In a world reshaped by technology it’s important that children are equipped for a future dominated by robotics and artificial intelligence. But technology entrepreneur and father of three Yat Siu found himself worrying that the Hong Kong school system, which focuses on book learning and standardised testing, was not providing the skills necessary for the economy of tomorrow.
“My concern is that most traditional education systems – with their focus on old-fashioned techniques like memorisation, exams and creativity-crushing hours of homework – do not properly prepare children for what has been called the fourth industrial revolution: a future dominated by automation,” says the chief executive of Hong Kong tech firm Outblaze.
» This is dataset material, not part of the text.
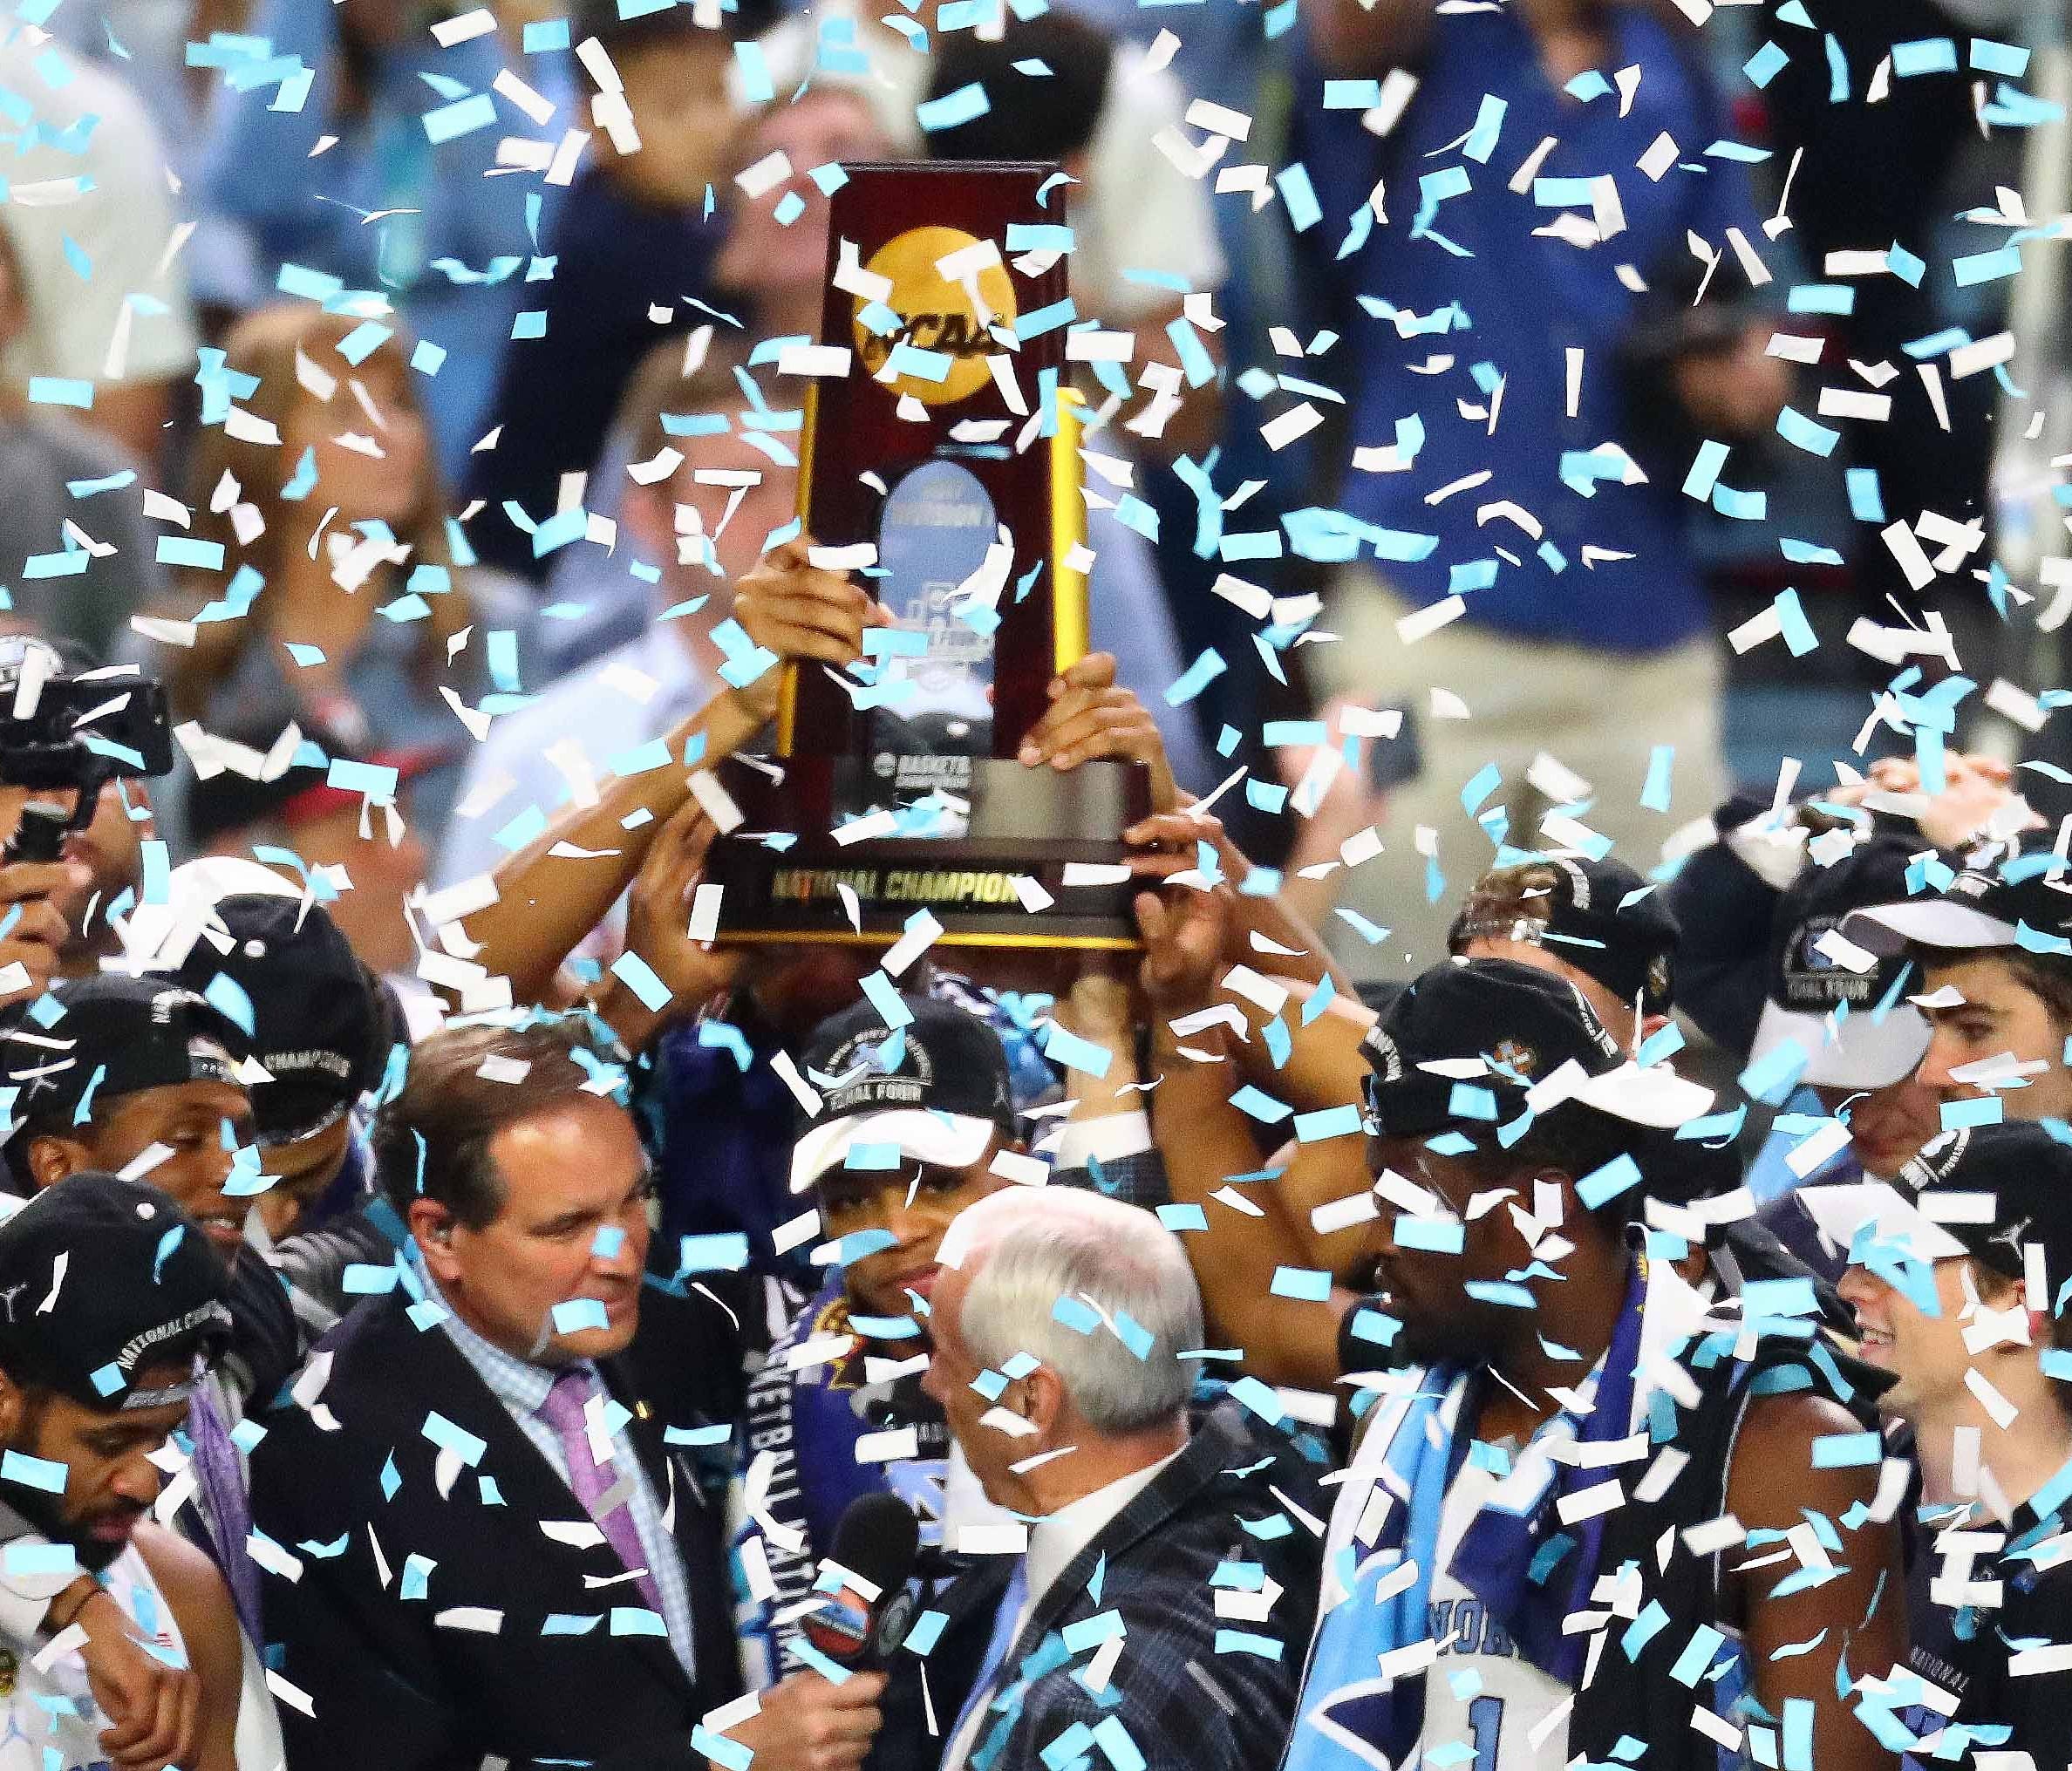 The confetti falls at the 2017 Final Four.

So Siu did something about it.
He co-founded Dalton Learning Lab, Hong Kong’s first after-school facility dedicated to preparing students aged four to 13 for a world dominated by technology.
“AI and robots are disruptive game-changers; it’s difficult to think of industries that will not be affected by their advancement,” Siu says. “Certain jobs will dwindle or vanish as these technologies become more widespread, and humans will require new skill sets as new opportunities emerge.
“Technological developments have always had an effect on professions, and estimates now suggest that as many as 35 to 50 per cent of current job types are at risk from automation in the near future.”
Siu says Dalton Learning Lab, which can be found in Cyberport, is a space where children can experiment and develop skills relevant to “the world of tomorrow”.
“These skills include divergent thinking, creativity, collaboration, problem solving and other important ‘out-of-the-box’ skills, as well as digital fluency.”